Sending through an outbound SIP proxy

If we want the INVITE to be sent through an outbound SIP proxy, rather than directly to the endpoint specified in the Request-URI, we can specify an opts.proxy parameter:

let mySdp; // populated somehow with SDP we want to offer
srf.createUac('sip:1234@10.10.100.1', {
  localSdp: mySdp,
  proxy: 'sip:proxy.enterprise.com'
})
  .then((dialog) => {
    dialog.on('destroy', () => console.log('called party ended call'));
  })
  .catch((err) => {
    console.log(`call failed with ${err});
  });

Specifying calling number or called number

If we want to specify the calling party number to use in the From header of the INVITE, and/or the called party number to use in the To header as well as the Request-URI, we can do so simply like this:

let mySdp; // populated somehow with SDP we want to offer
srf.createUac('sip:1234@10.10.100.1', {
  localSdp: mySdp,
  callingNumber: '+18584083089',
  calledNumber: '+15083345988'
})
  .then((dialog) => {
    dialog.on('destroy', () => console.log('called party ended call'));
  })
  .catch((err) => {
    console.log(`call failed with ${err});
  });

Pro tip: Where possible, use this approach of providing 'opts.callingNumber' rather than trying to provide a full From header.

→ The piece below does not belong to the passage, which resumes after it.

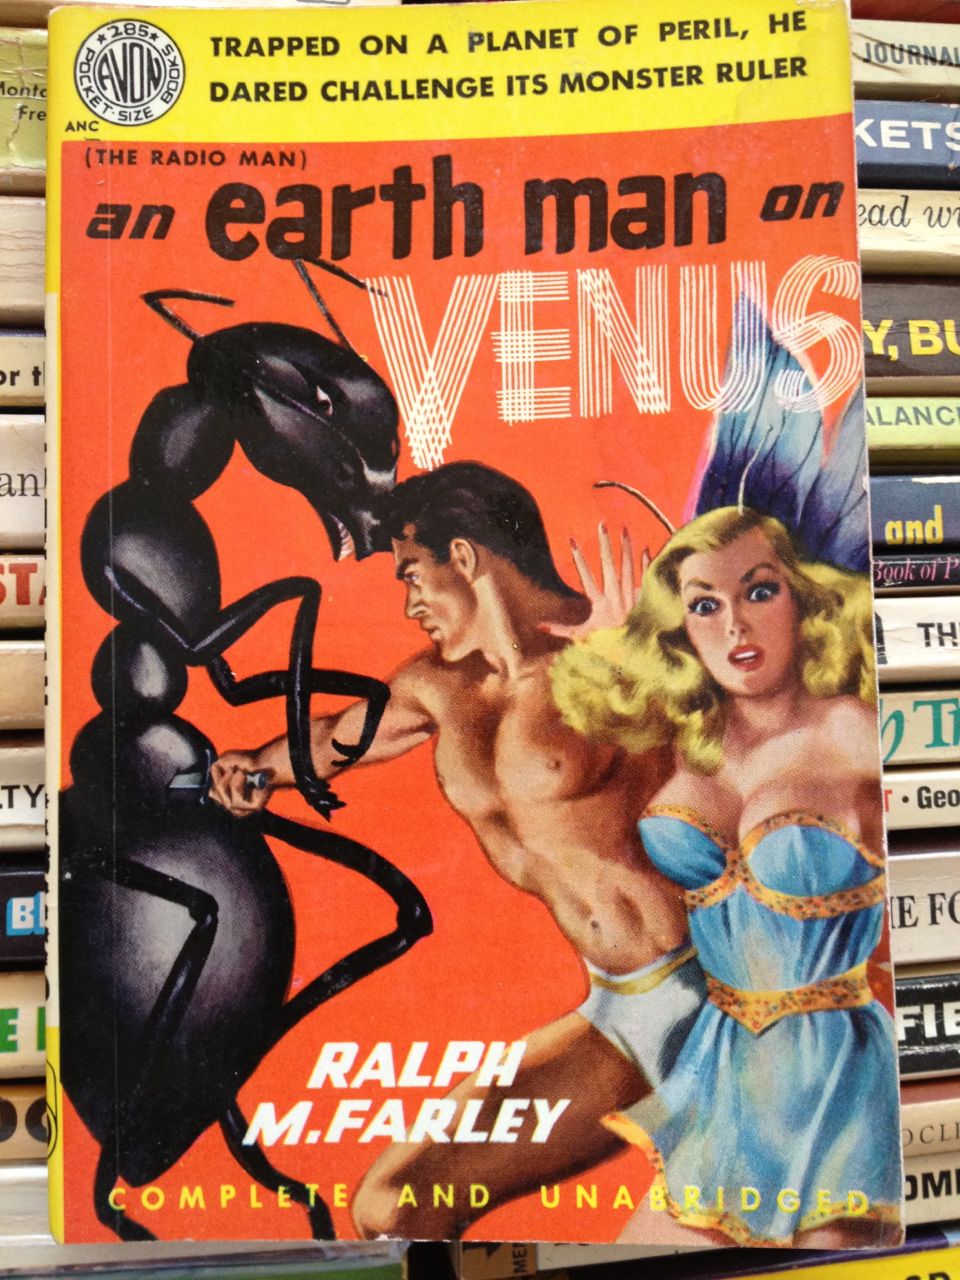 An Earth Man On Venus #26

Pro tip: If you really want to provide the full From header, for the host part of the uri use the string 'localhost'. The drachtio server will handle this by replacing the host value with the proper IP address for the server.

Sending a 3PCC INVITE

A scenario known as third-party call control (3PCC) occurs when a UAC sends an INVITE with no body -- i.e., no session description protocol is initially offered. In this call flow, after the offer is received in the 200 OK response from the B party, the UAC sends its sdp in the ACK to establish the media flows.

To accomplish this, the Srf#createUAC can be used. However, because of the need to specify an SDP in the ACK, the application must take additional responsibility for generating the ACK.

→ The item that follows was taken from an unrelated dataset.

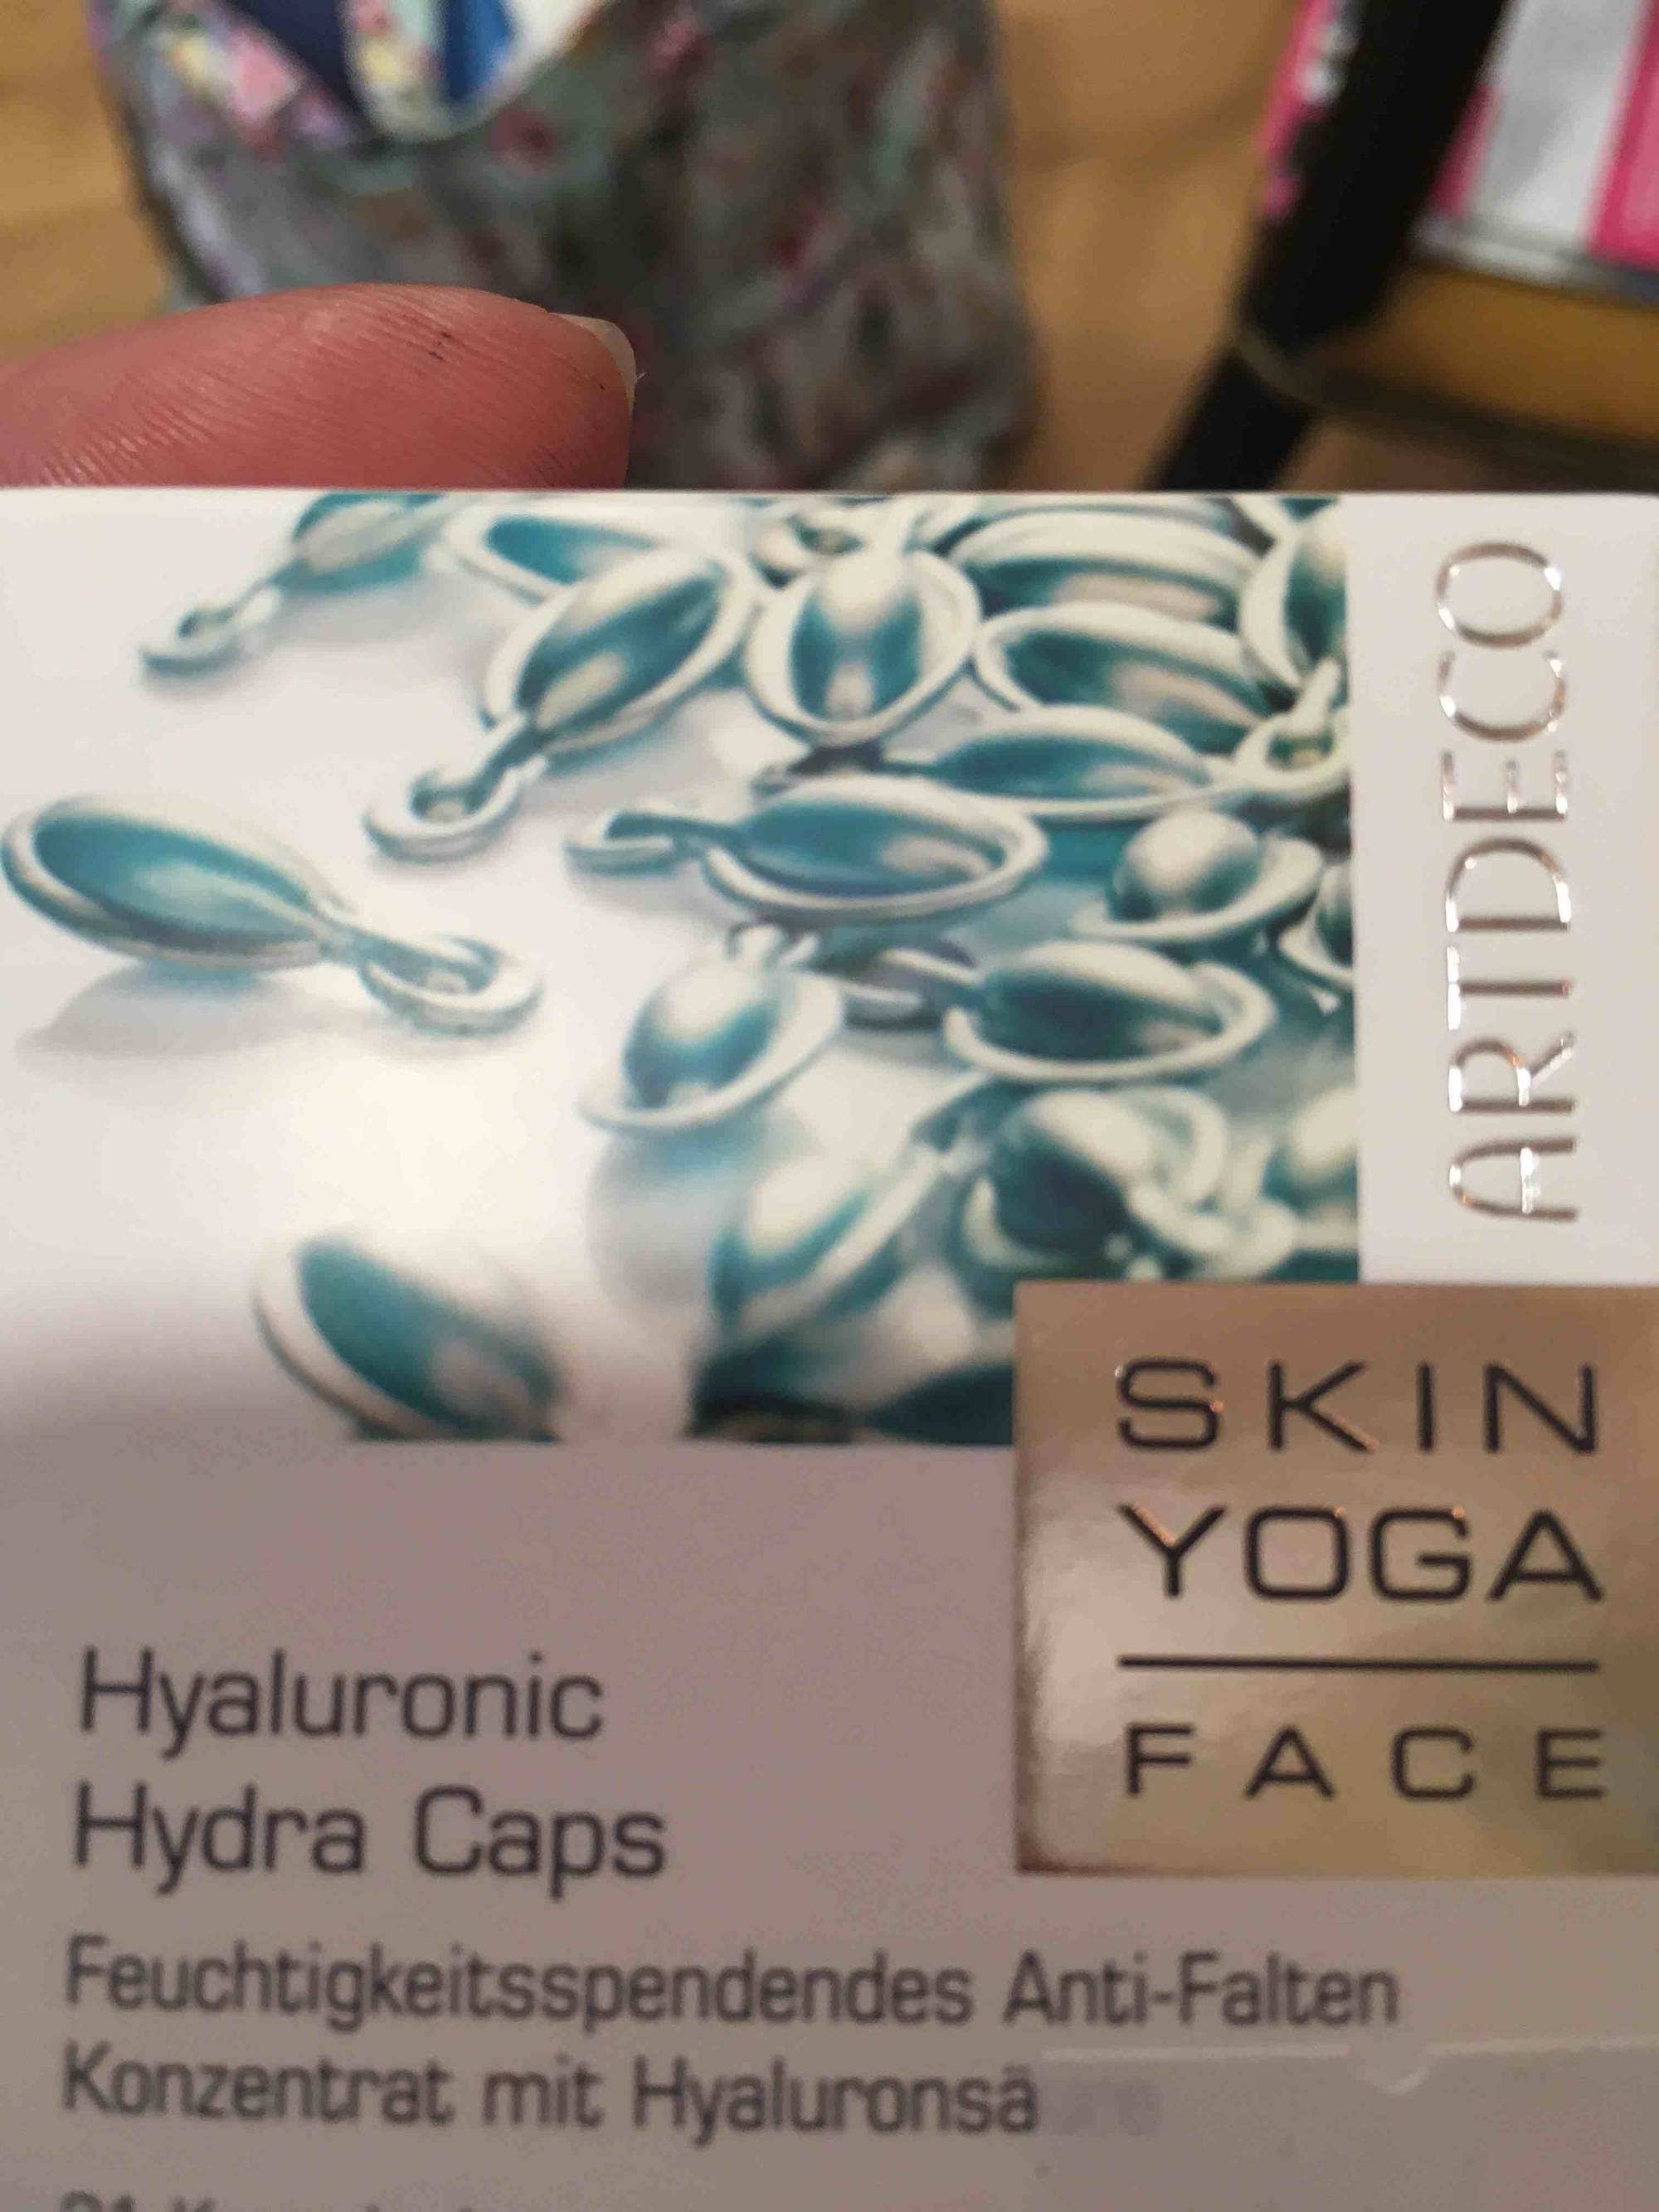 ARTDECO - Skin yoga - Hyaluronic hydra caps

Furthermore, instead of delivering a Dialog, the Promise (or callback) will render an object containing two properties:

• sdp: the sdp received in the 200 OK from the B party, and
• ack: a function that the application must call, providing the SDP to be included in the ACK as the first parameter. The function returns a Promise that resolves to the Dialog created by the ACK.

With that as background, let's see an example:

srf.createUac('sip:1234@10.10.100.1', {
  callingNumber: '+18584083089',
  calledNumber: '+15083345988',
  noAck: true
})
  .then((obj) => {
    console.log(`received sdp offer ${obj.sdp} from B party`);
    let mySdp = allocateSdpSomehow();
    return obj.ack(mySdp);
  })
  .then((dialog) => {
    dialog.on('destroy', () => console.log('called party ended call'));  
  })
  .catch((err) => {
    console.log(`call failed with ${err});
  });

Note a few things in this example:

• There was no opts.body parameter in the call to Srf#createUAC: the absence of a body signals the drachtio framework that we are intending a 3PCC scenario.
• The use of opts.noAck indicates that we do not want the framework to generate the ACK for us, and that instead we will explicitly call the obj.ack() function to take responsibility for that.

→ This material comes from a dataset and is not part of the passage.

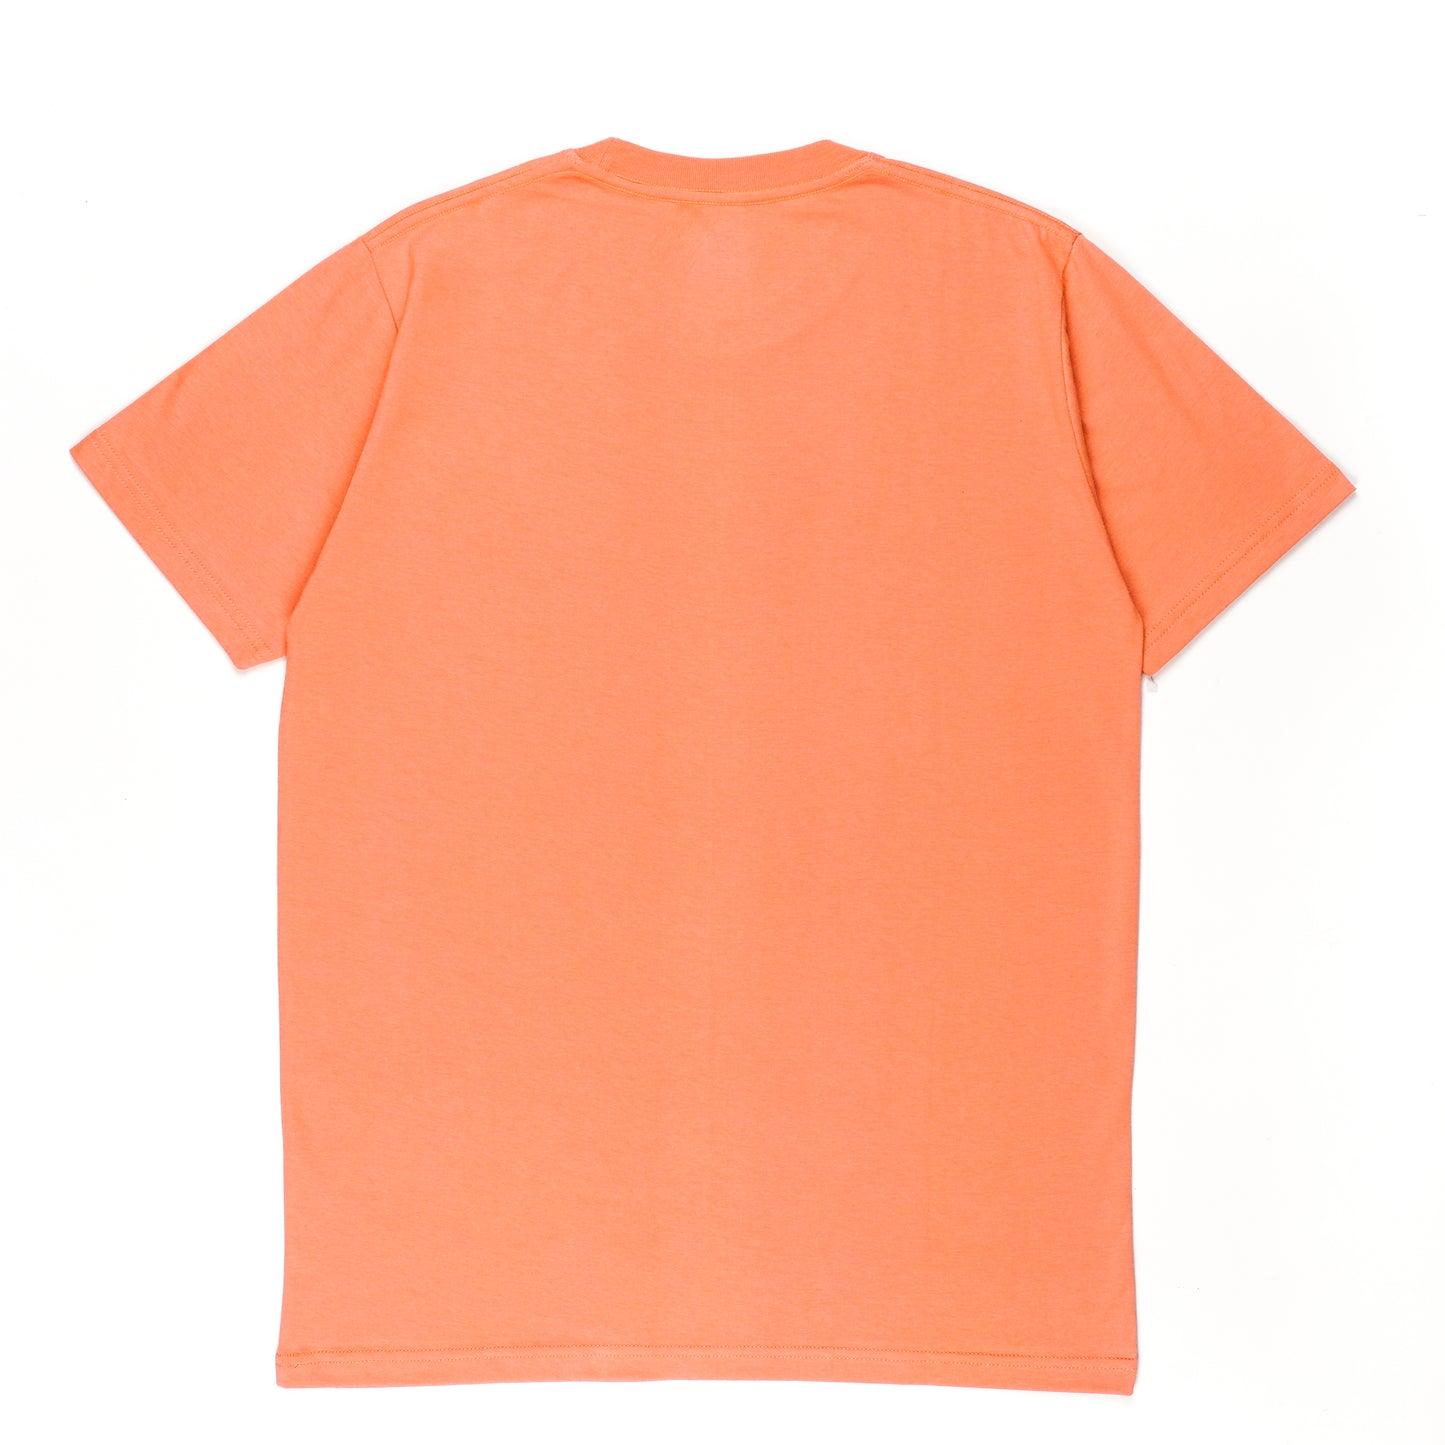 AZA T-Shirt Pro Basic Edition - Dusty Peach

There is also a fairly common alternative 3PCC special case where you may want to offer a "null" SDP in the ACK, i.e. creating an initially inactive media stream that you will later activate with a re-INVITE. In that case, you can simply remove the opts.noAck parameter and the Promise/callback will deliver the completed dialog as in the normal case -- the framework will generate the appropriate "null" sdp and generate the ACK for you.

srf.createUac('sip:1234@10.10.100.1', {
  callingNumber: '+18584083089',
  calledNumber: '+15083345988'
})
  .then((dialog) => {
    console.log(`created dialog with inactive media`);
    dialog.on('destroy', () => console.log('called party ended call'));  
  })
  .catch((err) => {
    console.log(`call failed with ${err});
  });

B2BUA

When we receive an incoming INVITE (the A leg), and then send a new outgoing INVITE on a different SIP transaction (the B leg), we are acting as a back to back user agent. We use the Srf#createB2BUA method to accomplish this. Once again, either a callback approach or a Promise-based approach is supported.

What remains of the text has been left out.